JUDGE SAYS HER DECISION PROBABLY WON'T MATTER IN LONG RUN
Apr 18, 2001
By DAVE BRYAN
The Associated Press
MONTGOMERY, Ala. (AP) -- Exxon Mobil Chairman Ansel Condray said the oil
company didn't believe it would be cheating Alabama when it decided
how much to pay in royalties for natural gas wells drilled in state waters.
Condray testified at a hearing Tuesday before Circuit Judge Tracy McCooey,
who must decide whether to reduce a record $3.5 billion verdict against
the company.
Condray said a company analysis of how much to pay in royalties showed
there was a reasonable chance Exxon Mobil's interpretation of its
lease agreement with the state would be consistent with Alabama's
reading of it.
"We had a view and we thought we had a reasonable and fair and right
view," said Condray, who didn't testify during the trial.

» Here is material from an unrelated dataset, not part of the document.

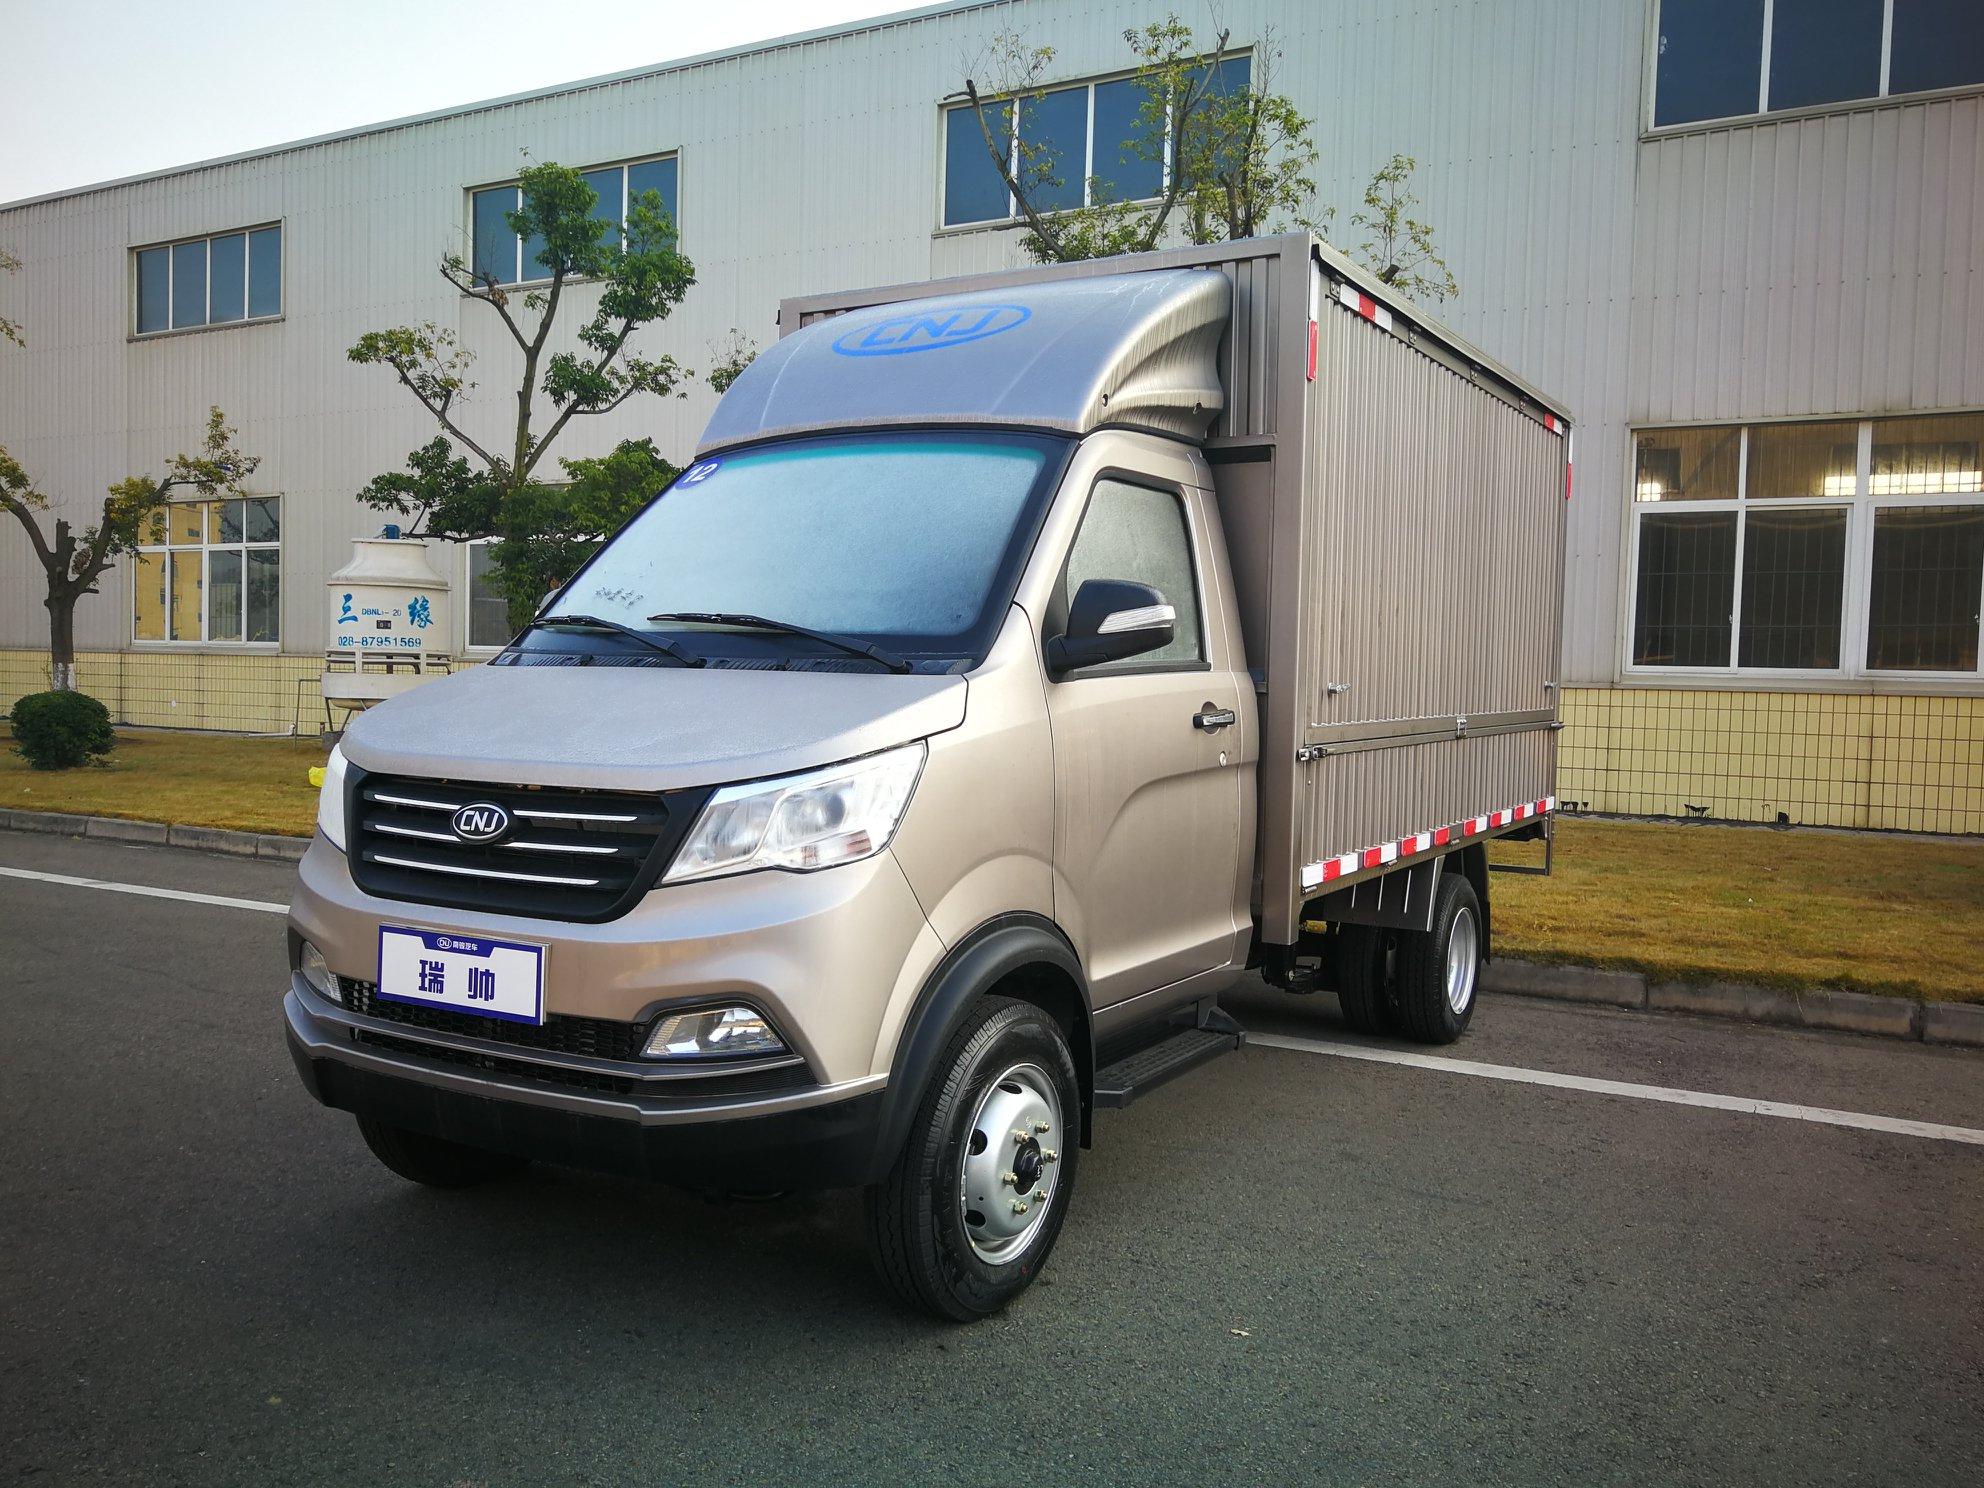 z-Cnj--kleine-vrachtwagens-1.5L-gasoline--1-8L-gasoline---CNG-2-8L-ISUZU-diesel-3
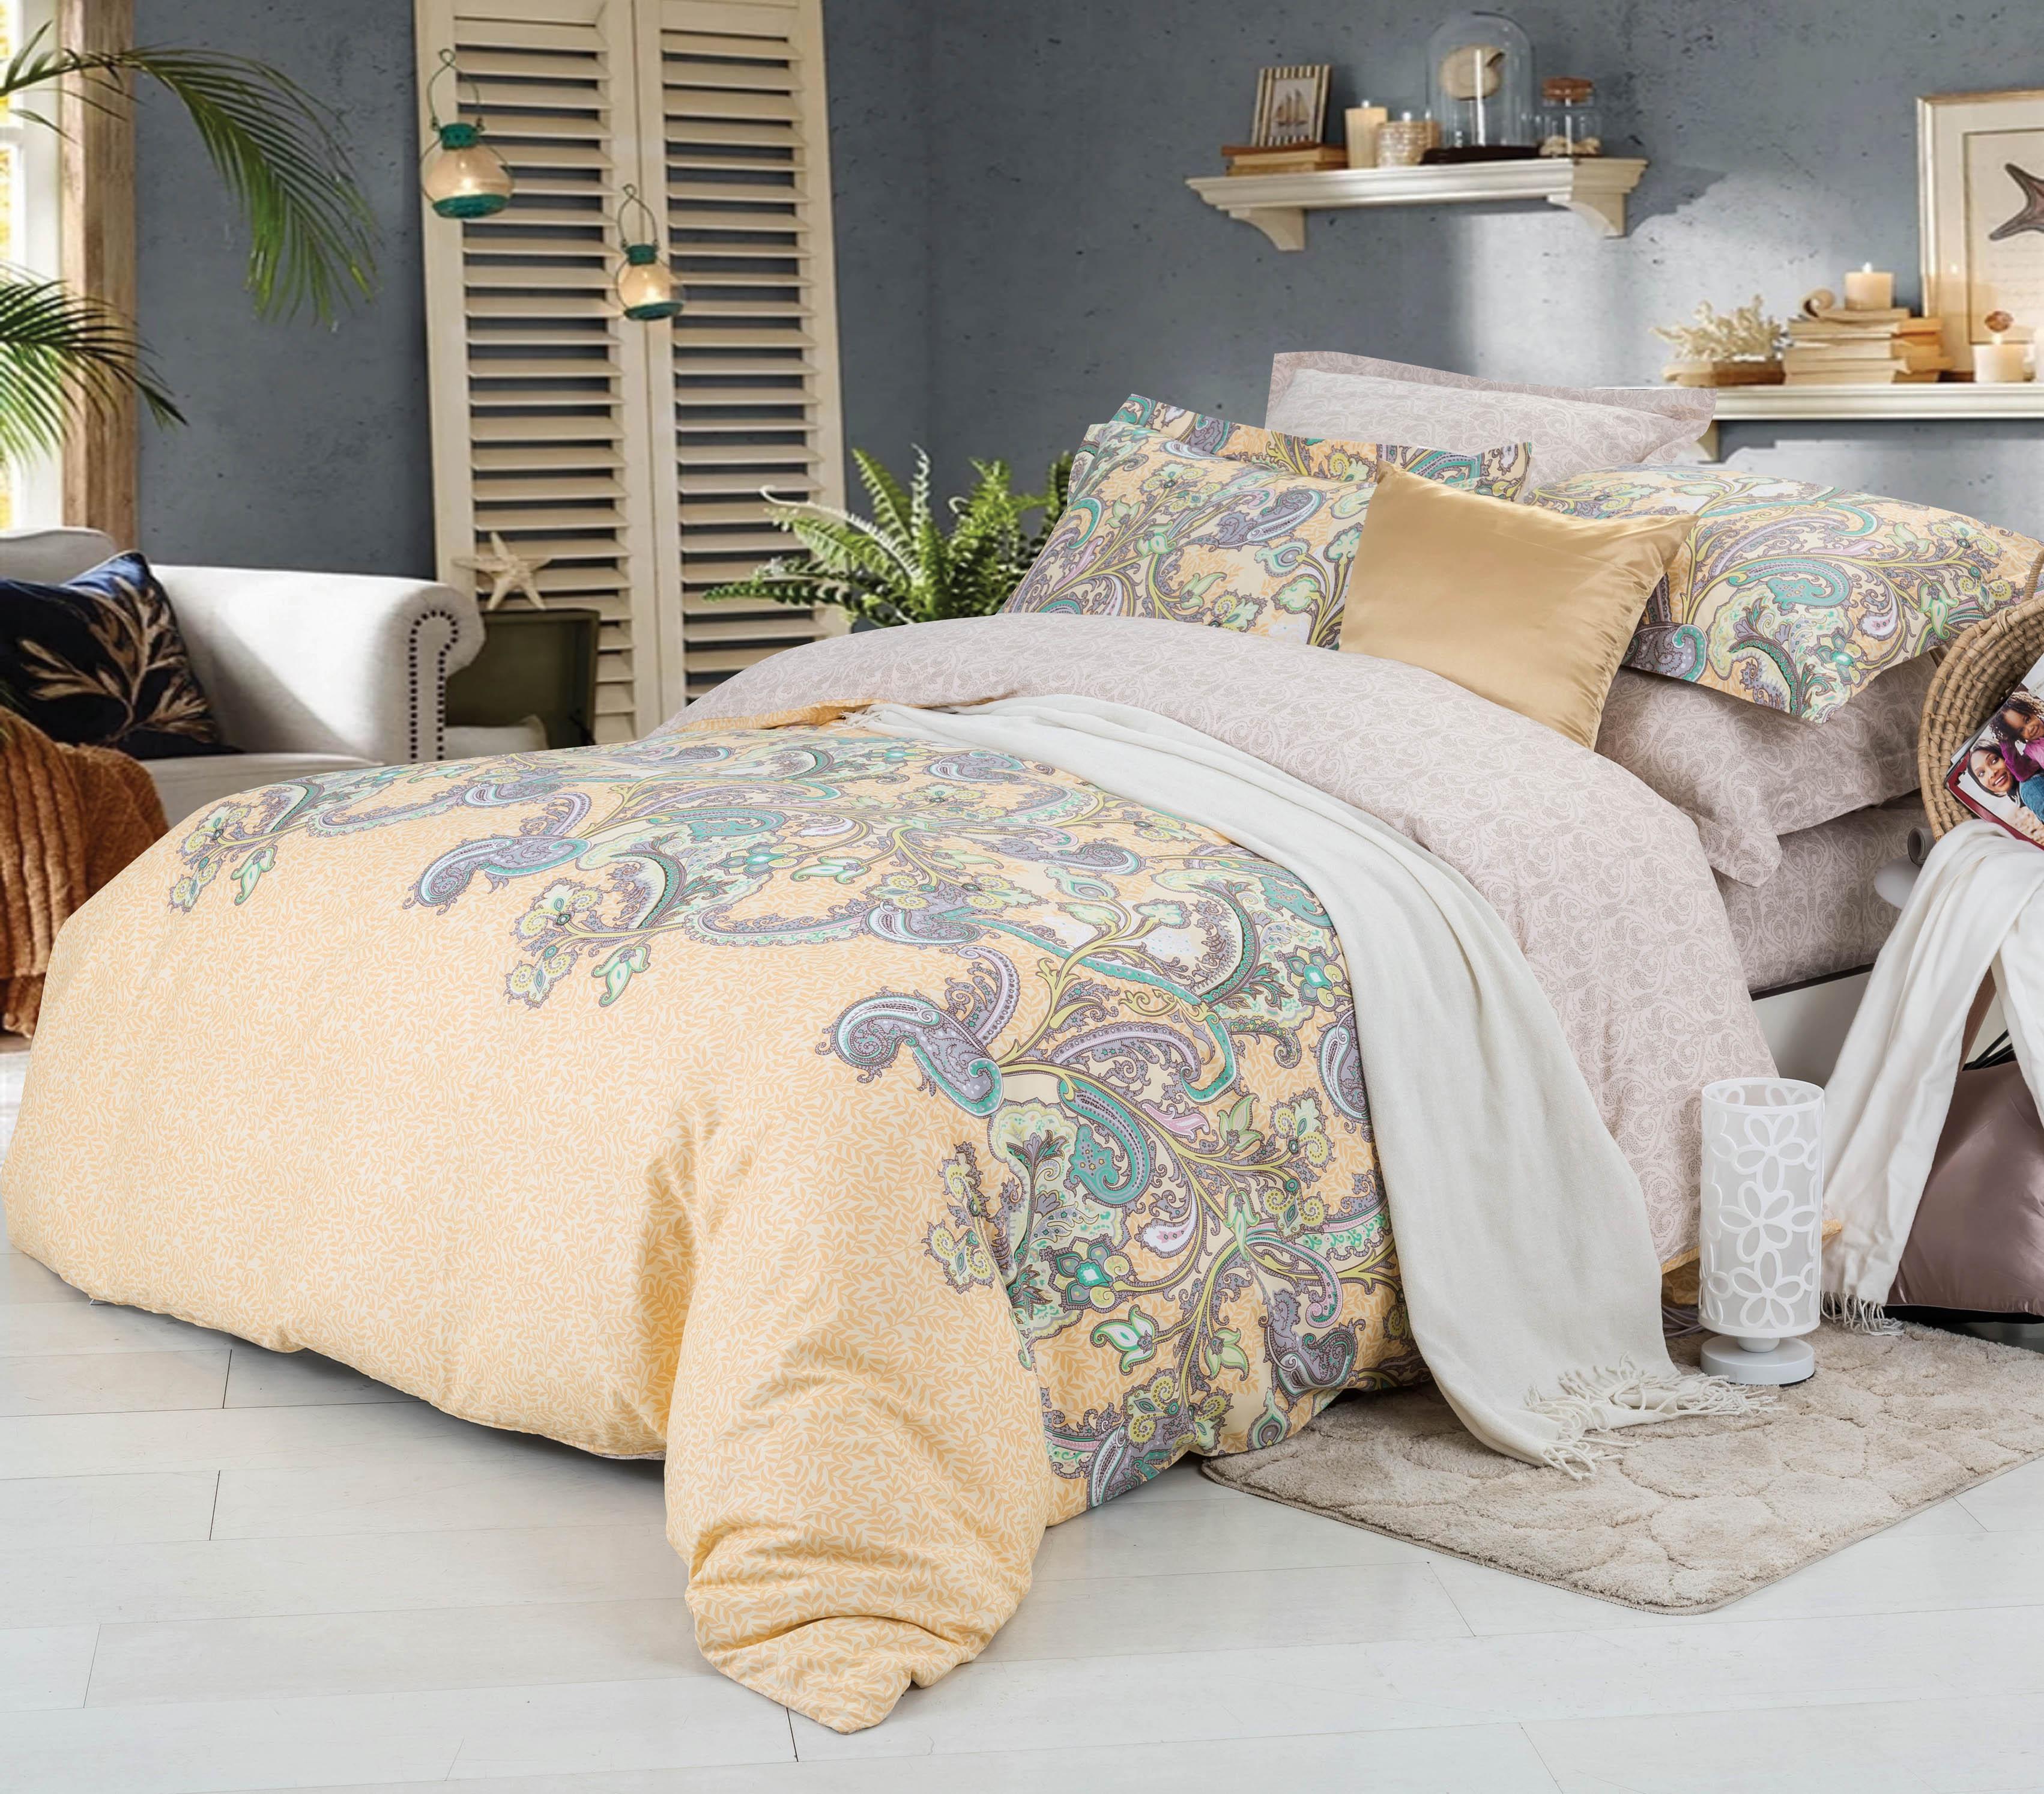 Купить Комплекты постельного белья СайлиД, Постельное бельеSeriate B-181(семейное), Китай, Зеленый, Персиковый, Хлопковый сатин

But attorneys for Alabama said Exxon documents showed the company knew
it was probably underpaying the state but that the company decided to
risk it anyway.
"You calculated the chance of success of getting away with it, didn't
you?" asked Robert Cunningham, one of the attorney's hired by
the state.
"No sir, those are not the words I would use," Condray responded.
McCooey presided over a trial in December where a Montgomery jury decided
that Exxon Mobil had fraudulently underpaid the state on royalties for
natural gas wells drilled in waters along the Alabama coast. The jury
returned the largest verdict in state history: $87.7 million in compensatory
damages and $3.42 billion in punitive damages.
Now McCooey is holding a two-day hearing to determine whether the punitive
damages are excessive and should be reduced.
In a courtroom crowded with attorneys and their assistants, the judge
said the case is going to be appealed to the Alabama Supreme Court, which
will ultimately decide the appropriate amount.
"What I do probably doesn't matter anyway," she said, but
added that she wanted to make sure the court hearing provided a good record
for the Supreme Court to consider.
The judge's frank remarks continued during the hearing.
Exxon Mobil presented Washington economist Jonathan Walker, who contended
the punitive damages were grossly excessive. Walker offered a mathematical
formula about what would be necessary to deter a company from repeating
improper conduct. The formula involved removing the profit from the enterprise,
but did not consider the worth of the company when determining the appropriate
punishment.
Walker said the $87.7 million in compensatory damages would be sufficient
to deter Exxon Mobil because that amount included 12 percent interest
on unpaid royalties, and that would erase any gain the oil company had.
After hearing the economist's explanation, the judge said, "No
offense, Dr. Walker, but it sounds like a bunch of B.S."
She said courts normally consider the worth of a company, and she noted
Exxon Mobil recently finished in first place in the Fortune 500 list of
American companies with the greatest annual revenue.
"It would be insane to say that doesn't matter," McCooey said.